I think I’ve finally reached a point where I’m ok with being here… I’ve been home for nearly two months.
  It partially feels like I’ve never left and it partially feels like I’m still a world away. 
 But regardless, I’m in 
California for now.
    I’ve told some stories and shared some photos but it’s impossible to encapsulate such an experience into a couple of hours over coffee.  It’s not logical to sit down with someone and pour out everything that has happened.  
      As I go about my daily life, I am always digging a bit deeper back into Fresno.  I have a job.  I’m getting involved with a church.  I have my own apartment.  I’m getting ready to start my last year at FPU.  A lot has changed but it’s time to jump back in, even though most days I’d like to be back in Peru.  

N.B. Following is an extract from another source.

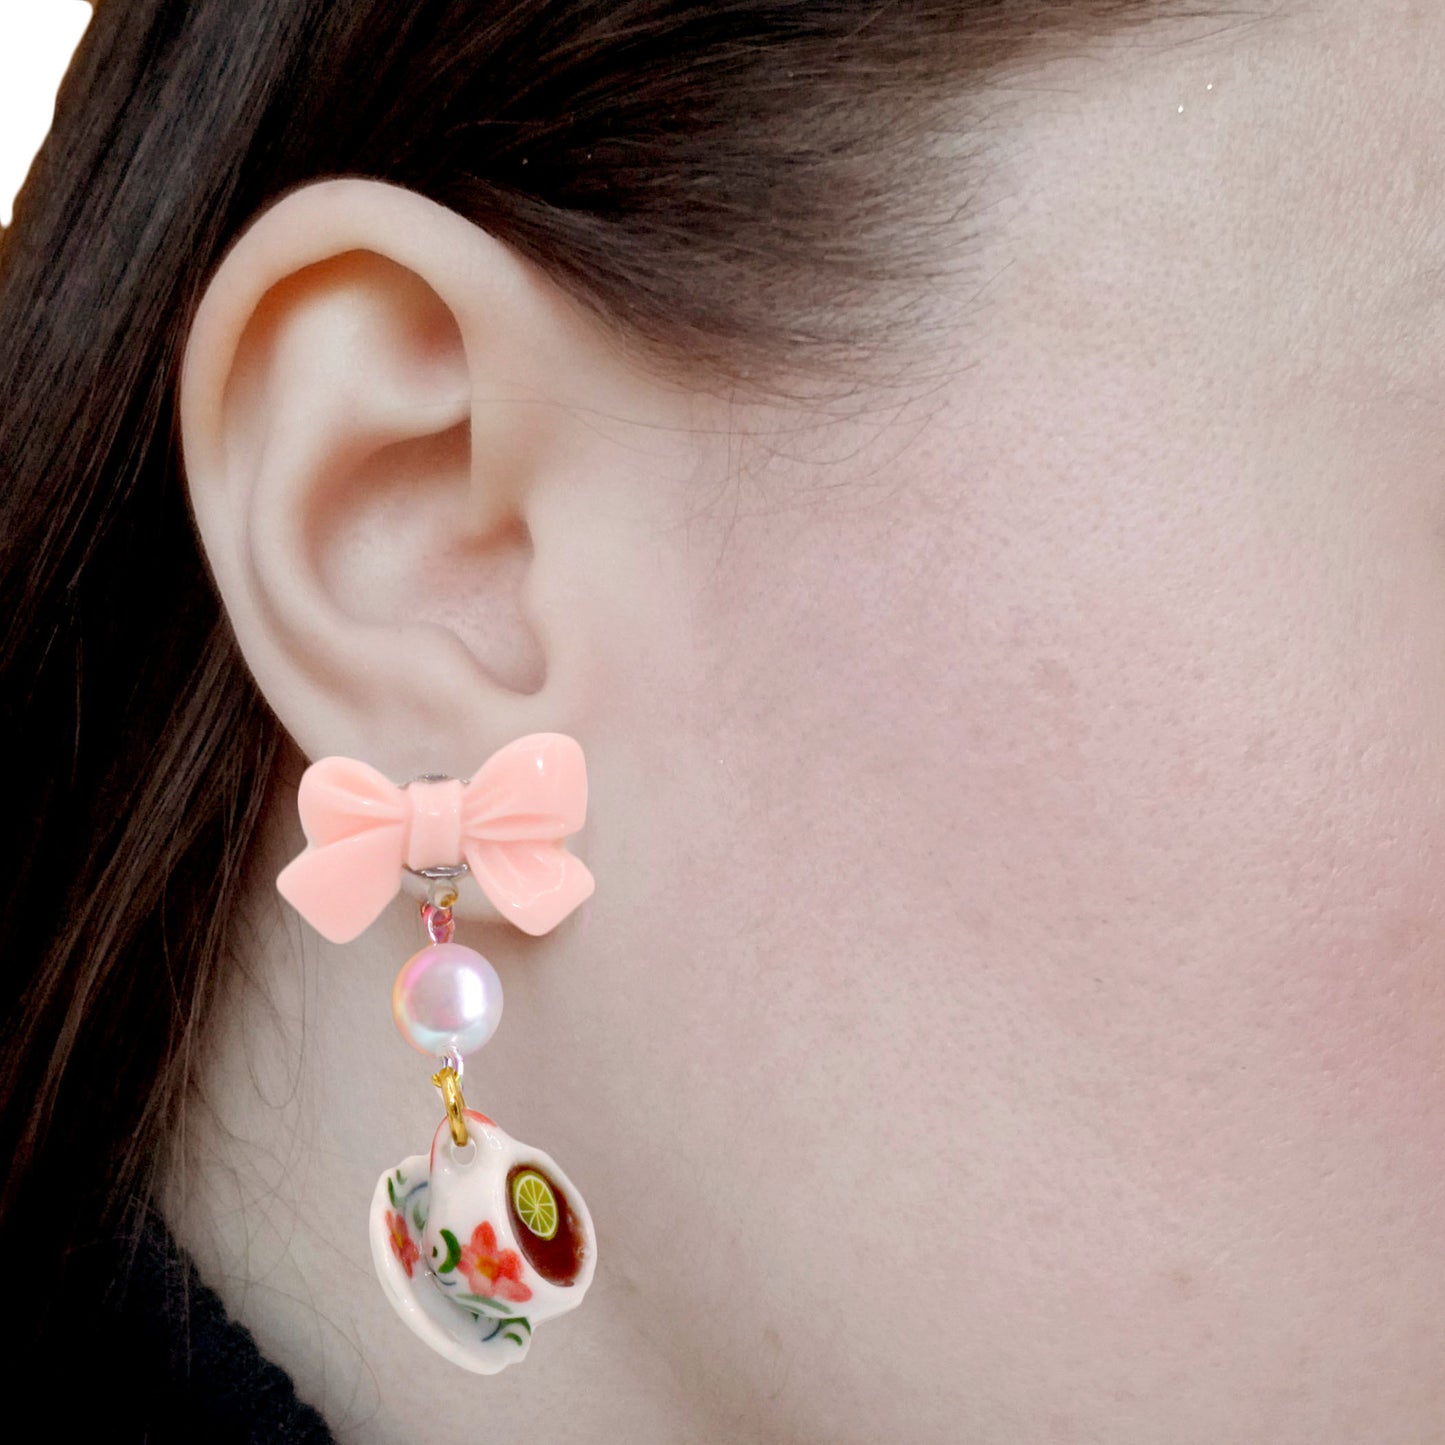 Pink Victorian Tiny Tea Cup Bow & Pearl Earrings, Hypoallergenic Steel - High Tea Collection - Fatally Feminine Designs
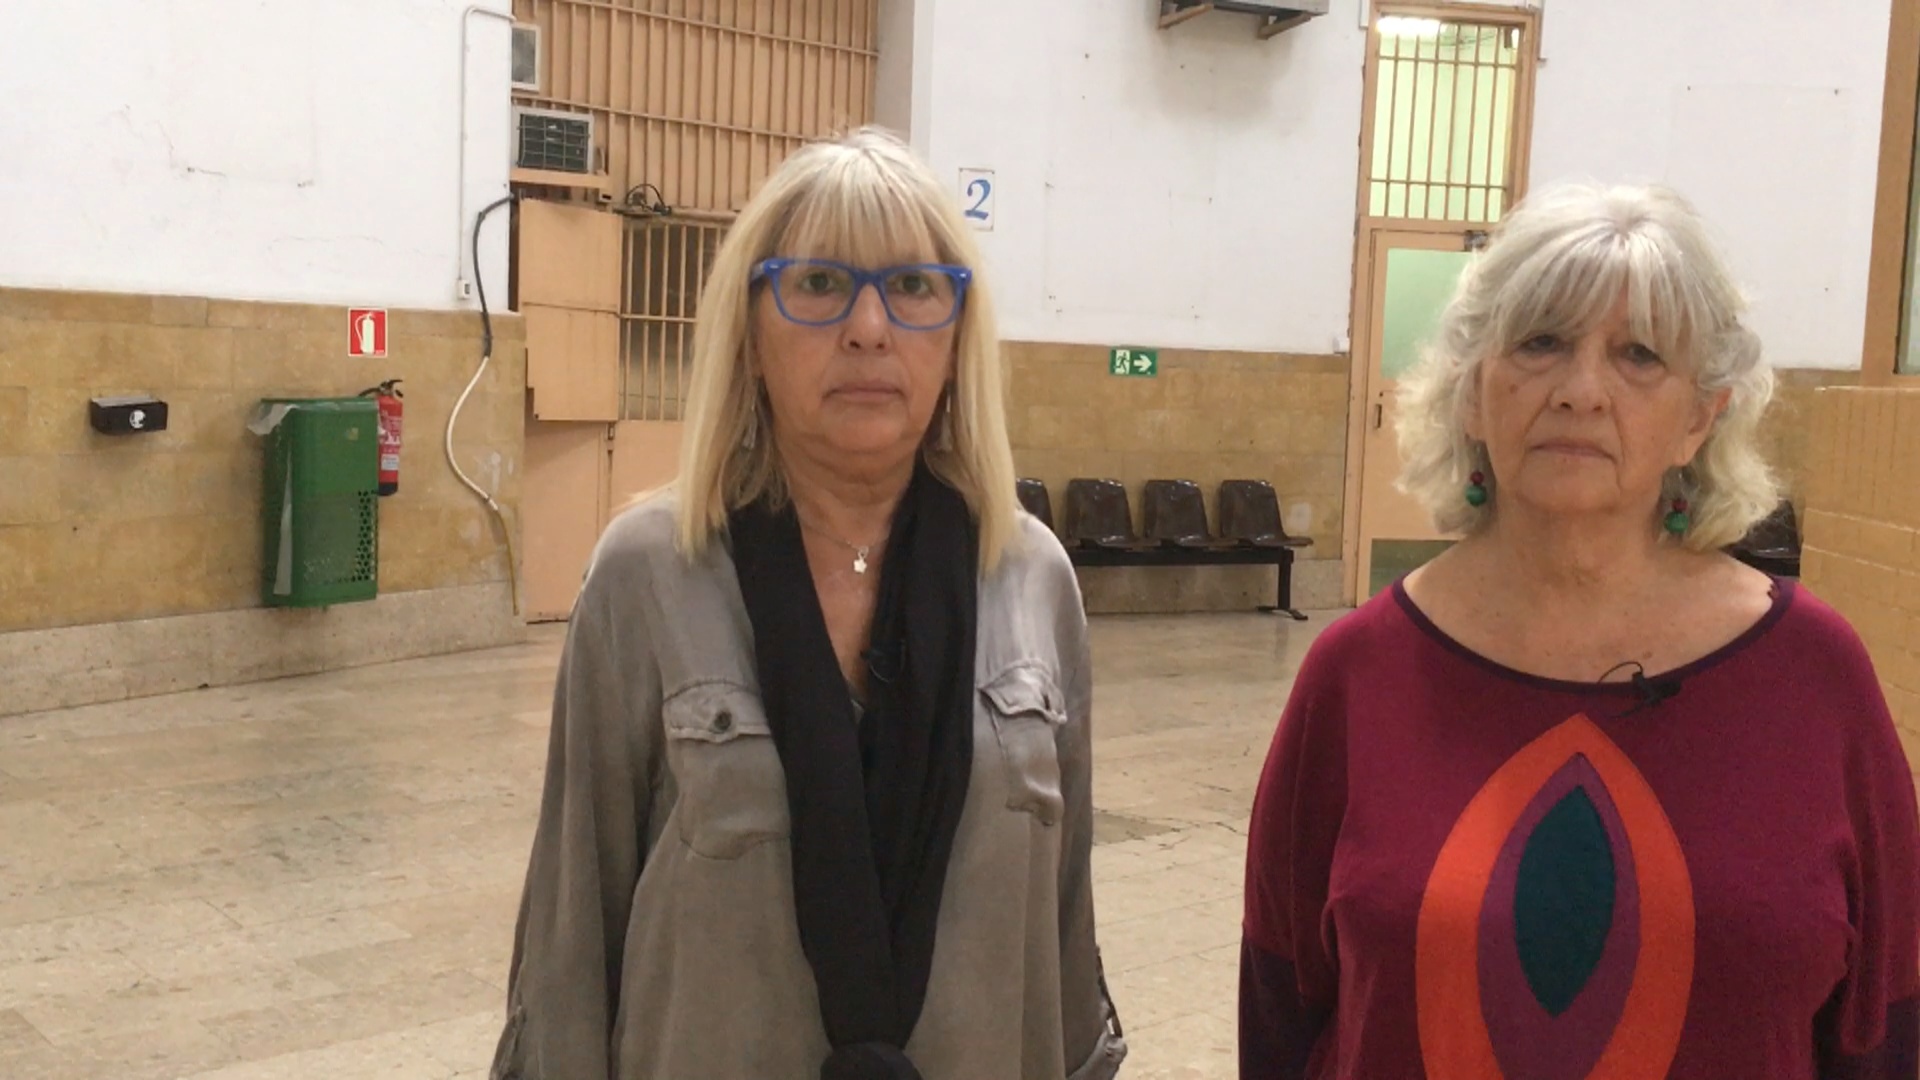  Salvador Puig Antich's sisters, Carme and Imma (by ACN)

  Before I left North America, I was told that when God captures your heart for a country you will be able to weep for the nation and weep for its people.  There are some moments when a Spanish song comes up when my ipod is on shuffle, or when a Peruvian photo scrolls across as my screensaver, or even just a memory that seemed to be forgotten comes back that I can’t help myself but cry.
    Especially now the concept of life seasons becomes important.  I know that the journey I just walked was not a simple one and I have seen the hand of God in the midst of everything.  I pray that this journey isn’t finished.  But right now I just need the patience and the contentedness to accept where I am.